Kim Hyesoon, Don Mee Choi, and Jeffrey Yang at the Asian American Writers Workshop

Feb, 15 2019

Kim Hyesoon, Don Mee Choi, and Jeffrey Yang at the Asian American Writers Workshop

Asian American Writers' Workshop

Address: 110-112 West 27 Street, 110-112 West 27 Street
City: New York
State: NY
Zip: 10001
aaww.org

Join us for an evening of Korean poetry in translation with Kim Hyesoon, a groundbreaking feminist poet and one of the most influential contemporary poets of South Korea. Her latest poetry collection, The Autobiography of Death, is a breathtaking collective elegy inspired by the Sewol Ferry Disaster of April 2014, and a narration performed as a sea of mirrors, summoning Korea’s ghosts and roaming spirits. She’ll be in conversation with Korean-American poet Don Mee Choi, her English translator, and Jeffrey Yang, poet and Poetry Editor at New Directions. Together they’ll discuss translation, the “expelled tongues” of Korean women poets who invent new language outside of Korean literary conventions, and the book’s relationship to Korean Shamanism. Don’t miss this rare chance to see one of Korea’s most important living poets and imaginative writers in conversation with her translator and editor.

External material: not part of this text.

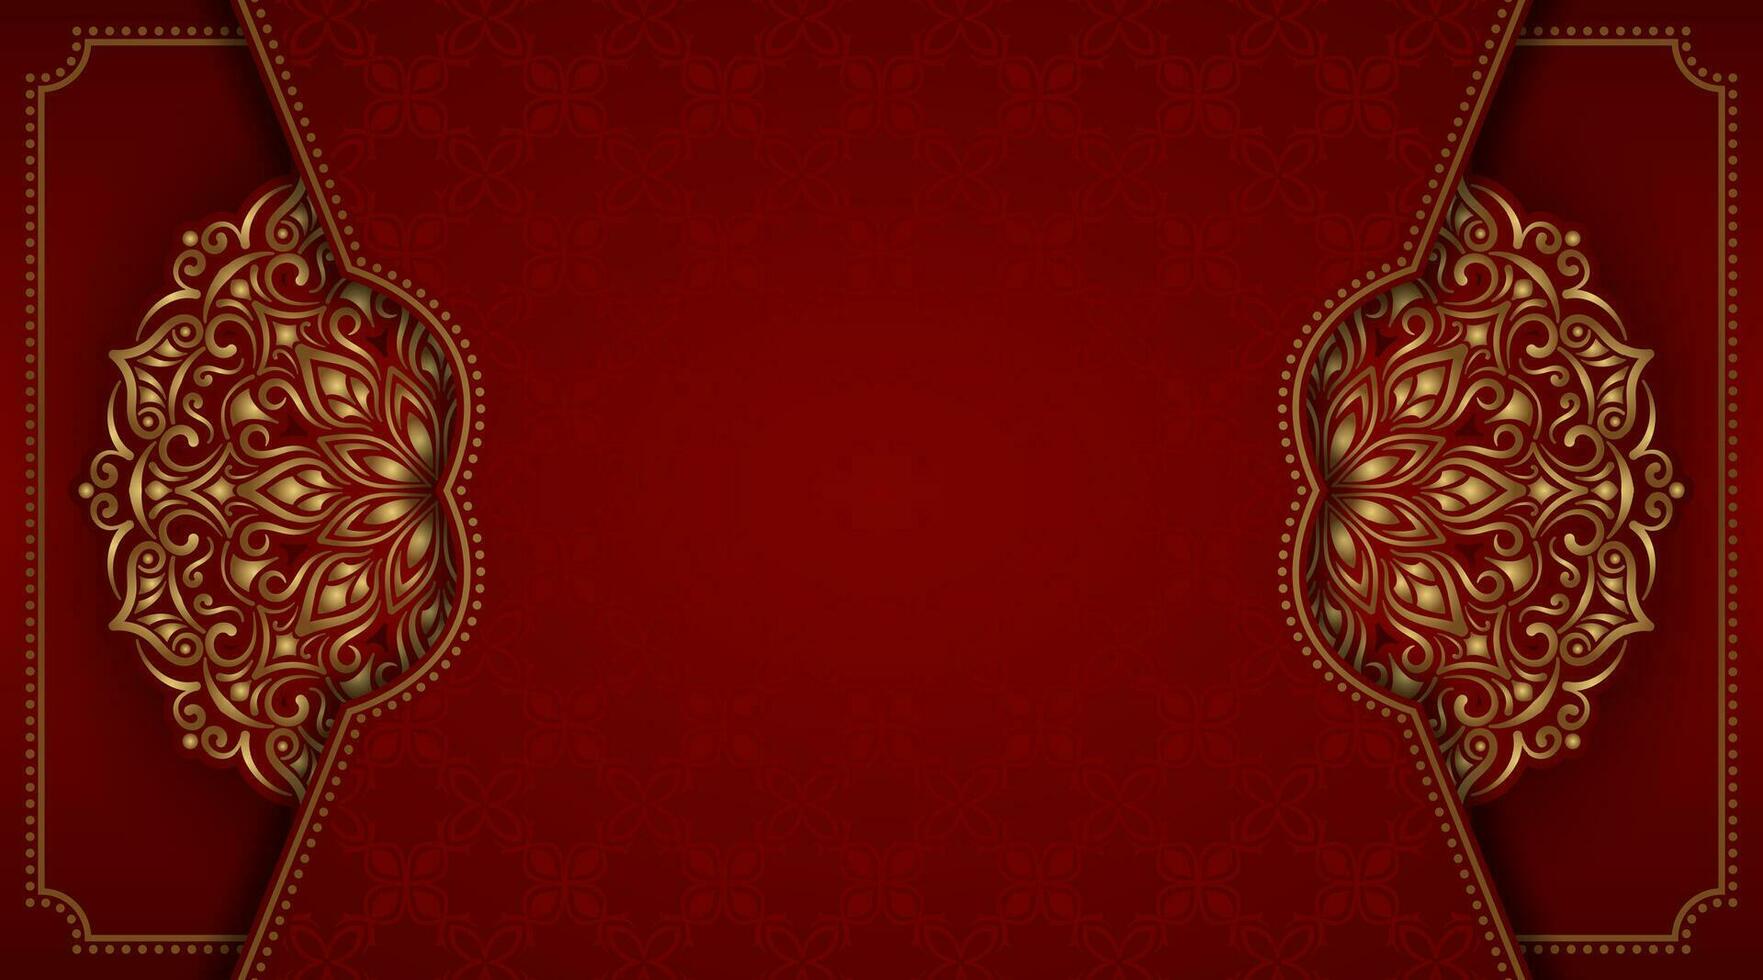 ornamental red background, with gold mandala decoration vector

Kim Hyesoon, born in 1955, is one of the most prominent and influential contemporary poets of South Korea. She was the first woman poet to receive the prestigious Kim Su-yong and Midang awards, and has been translated into Chinese, French, German, Japanese, Spanish, and Swedish. Her powerful new book, Autobiography of Death (New Directions, 2018) consists of forty-nine poems, each poem representing a single day during which the spirit roams after death before it enters the cycle of reincarnation. The poems not only give voice to those who met unjust deaths during Korea’s violent contemporary history, but also unveil what Kim calls “the structure of death, that we remain living in.” _Autobiography of Death_at once reenacts trauma and narrates death—how we die and how we survive within this cyclical structure. In this sea of mirrors, the plural “you” speaks as a body of multitudes that has been beaten, bombed, and buried many times over by history. Don Mee Choi writes, “I believe Autobiography of Death_is one of Kim Hyesoon’s most important and compelling works to date.” Kim’s most recent books include_I’m OK, I’m Pig! and Poor Love Machine. Check out two of her poems, translated by Don Mee Choi in The Margins.

Don Mee Choi is the author of The Morning News Is Exciting (Action Books, 2010), Hardly War (Wave Books, 2016), a chapbook, Petite Manifesto (Vagabond Press, 2014), and a pamphlet of essays, _Freely Frayed, ㅋ=q, Race=Natio_n (Wave Pamphlet #9, 2014). She has received a Whiting Award, Lannan Literary Fellowship, and Lucien Stryk Translation Prize. She has translated several collections of Kim Hyesoon’s poetry, including Poor Love Machine (Action Books, 2016). Check out Emily Yoon’s interview with Don Mee Choi about the myth of fluency, hysterical translation, and what draws her to Kim’s poetry in The Margins.

Jeffrey Yang is a poet, translator, and editor at New Directions, where he he edited The Autobiography of Death. He is he author of Hey, MarfaVanishing-Line; and An Aquarium, winner of the PEN/Joyce Osterweil Award. He is the translator of Nobel Peace Prize recipient Liu Xiaobo’s June Fourth Elegies. Yang lives in Beacon, New York.